O Réu, em sede de citação, impugnou a factualidade alegada na p.i., invocando que o testador nenhuma relação tinha com os filhos e não reconhecida o Autor como seu neto, considerando não ser filho do seu filho.

II – O Objeto do Recurso
Decorridos os trâmites processuais documentados nos autos, foi proferida sentença julgando a ação totalmente improcedente, absolvendo o Réu do pedido.

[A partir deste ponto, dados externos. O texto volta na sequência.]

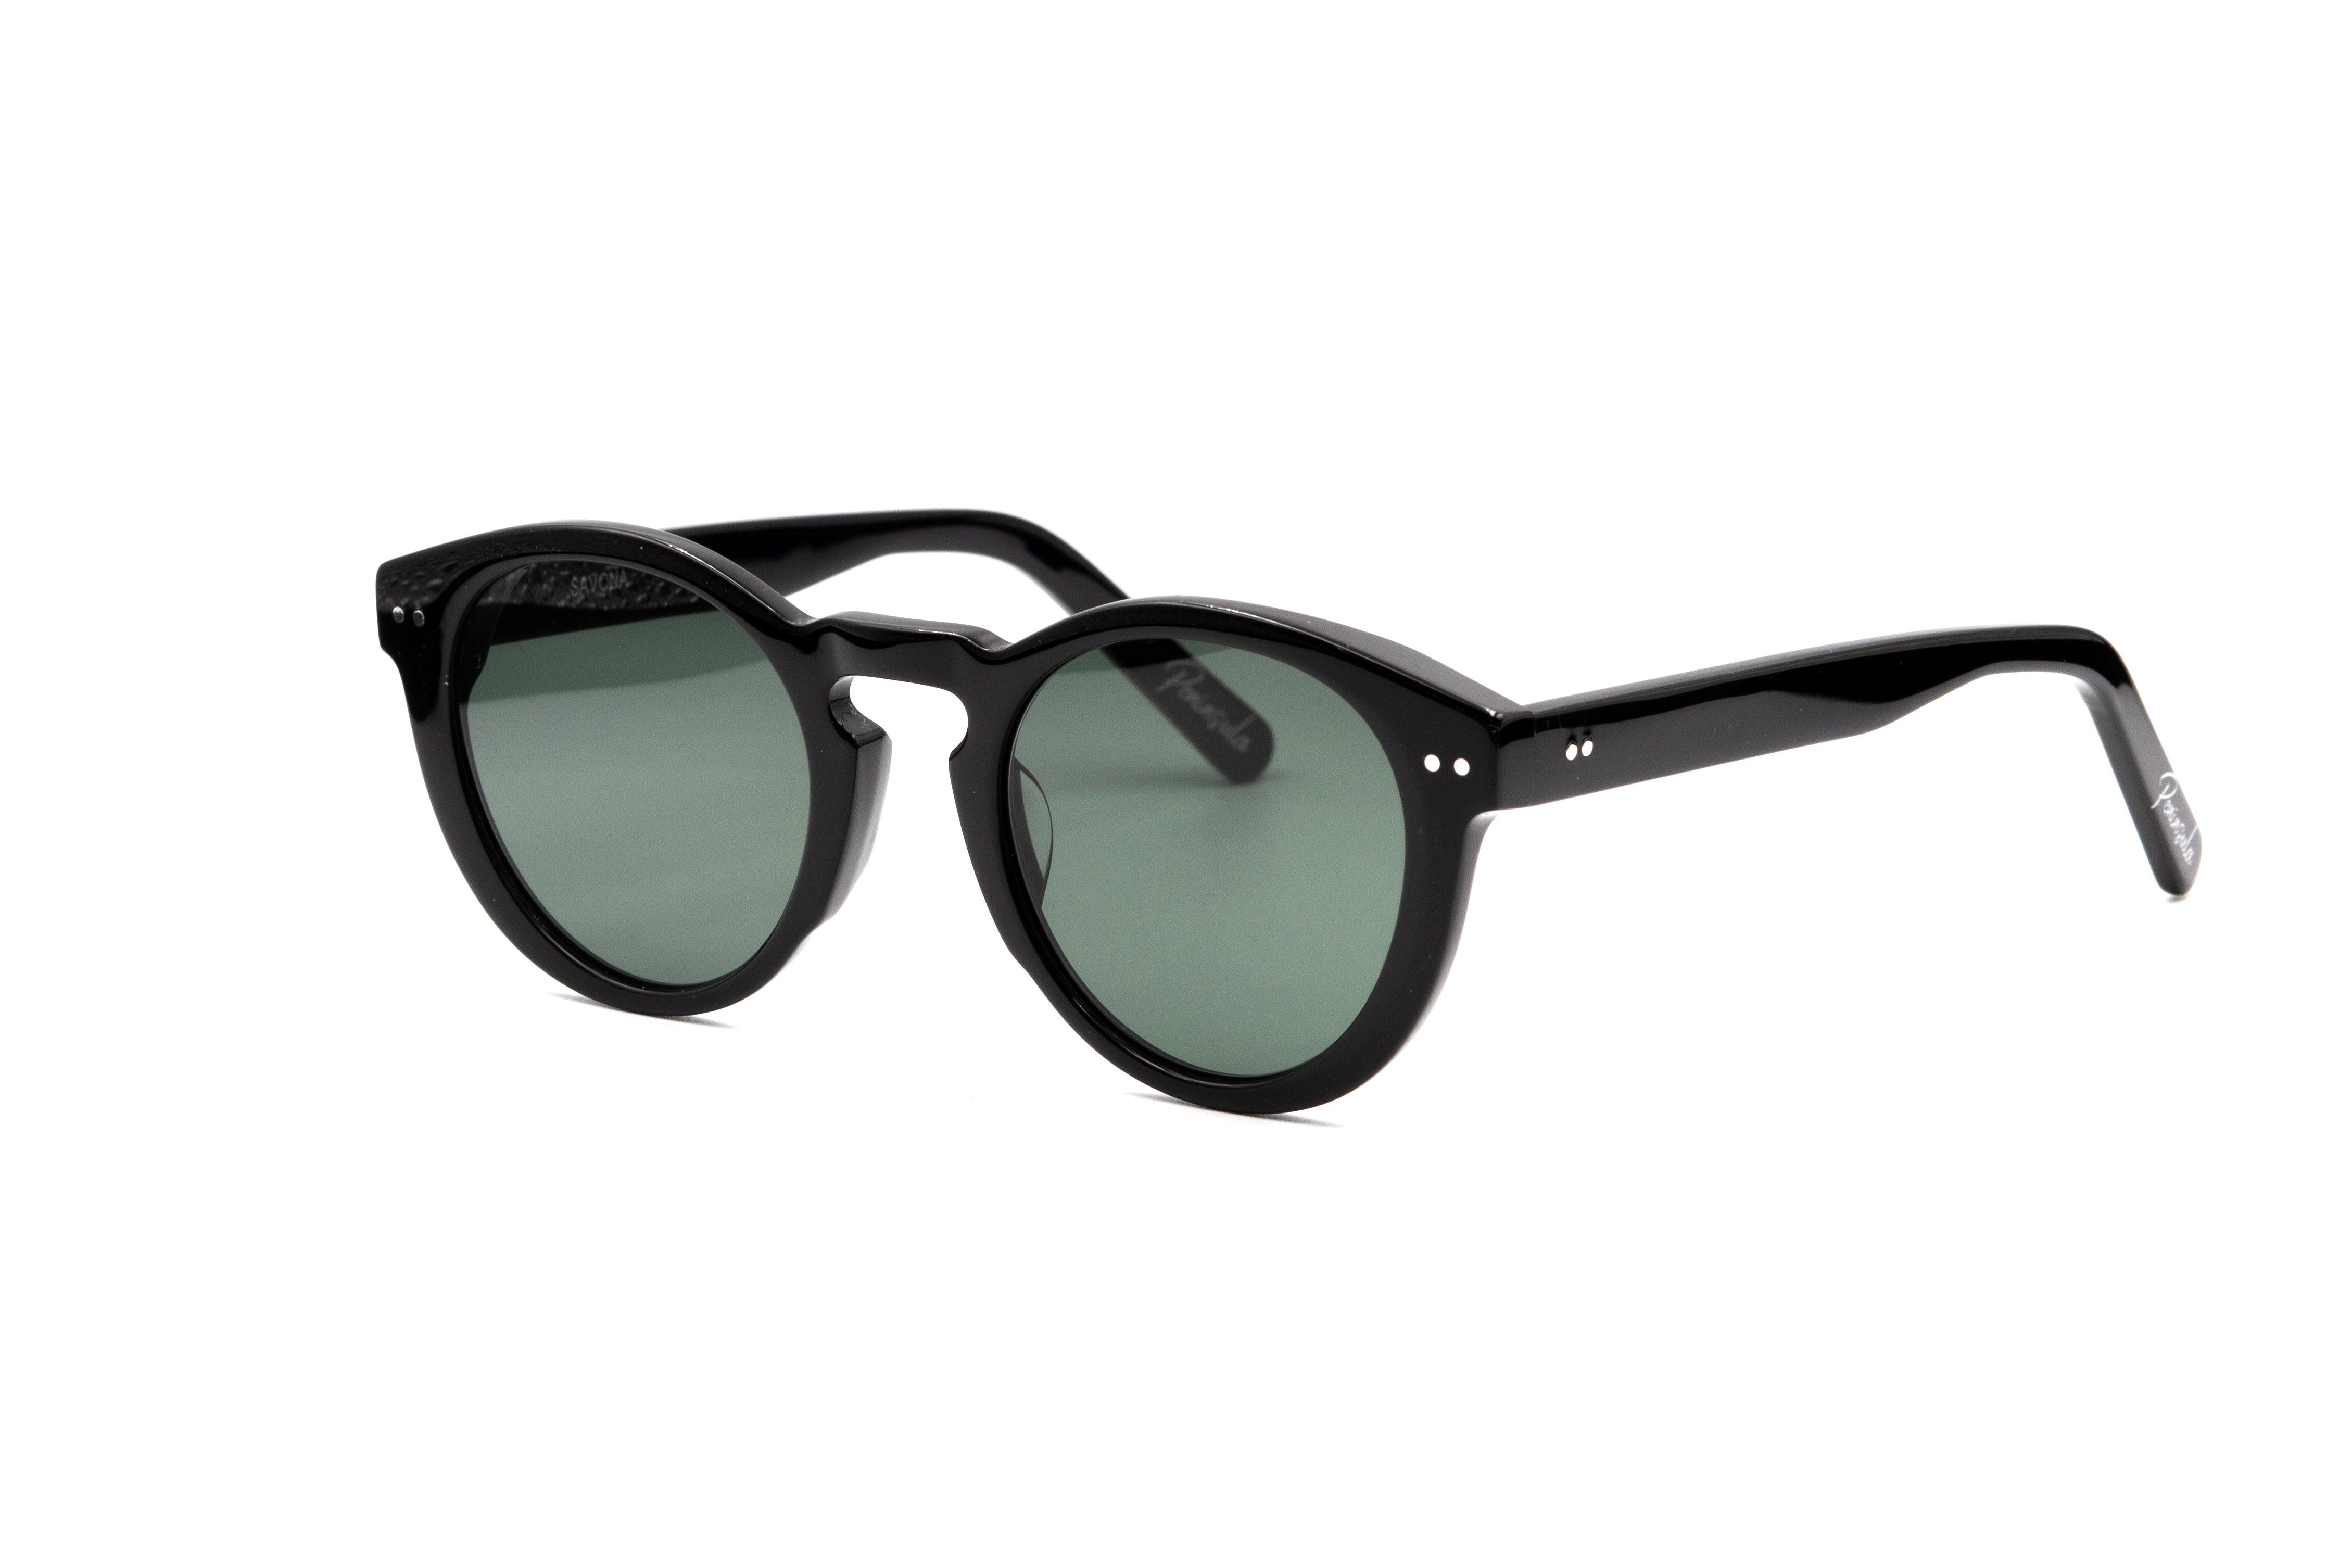 Savona - Black with Green Lens - Peninsula Eyewear

Inconformado, o Autor apresentou-se a recorrer, pugnando pela revogação da decisão recorrida, a substituir por outra que julgue a ação procedente, declarando inválido o testamento. As conclusões da alegação do recurso são as seguintes:
«1.ª – O Tribunal a quo deveria ter julgado procedente a ação com o fundamento de que se logrou fazer a prova de que (…), quando outorgou o testamento não sabia / entendia / compreendia o que fazia, ou, em alternativa, que só outorgou o testamento para obedecer ao que lhe fora determinado pelo Réu e sua companheira, exteriorizando assim uma vontade que era destes, não a sua, por temor de vir a sofrer consequências negativas caso lhes desagradasse.
2.ª – A circunstância da disposição testamentária ser realizada perante notário, com forma exigente, nunca impede a existência de um estado mental prejudicado, quer por debilidade intelectual quer por influência exterior/de terceiros.
3.ª – Basta não ser evidente alguma incapacidade ou coerção exercida sobre testador, e/ou que o notário destas não se aperceba.
4.ª – O recorrente crê que há elementos e factos relativos ao estado de saúde clínico de (…) que comprovam uma sua debilidade do foro mental e/ou psíquico, que afetou por forma determinante a sua vontade.
5.ª – O relatório proveniente do Centro Hospitalar (…), junto em 09/09/2024, referente à hospitalização entre 14/10/2021 e 22/10/2021, adianta sobre o nível psíquico de (…), que padecia de «solidão dolorosa», tendo inclusive sido classificado como paciente muito isolado.
6.ª – Facto este era do conhecimento dos clínicos por ter sido transmitido pelo próprio (…), visto ninguém o ter acompanhado ao hospital, facto que não pode ser menosprezado.
7.ª – (…) padecia de uma situação de depressão, gerada pelo fim da sua atividade profissional após uma queda de uma camioneta, seguida de intervenção cirúrgica e do agravamento crescente do seu estado de saúde, o que o tornou bastante vulnerável à atuação do Réu e da companheira deste.
8.ª – (…) sofria, além do mais, de alcoolismo crónico, uma dependência severa cientificamente designada Dependência do Álcool (DA), perturbação crónica, recidivante, caracterizada por uma compulsão para usar o álcool, pela perda de controlo nos limites do consumo e pela ocorrência de estados emocionais depressivos ou disfóricos quando o acesso ao consumo é vedado.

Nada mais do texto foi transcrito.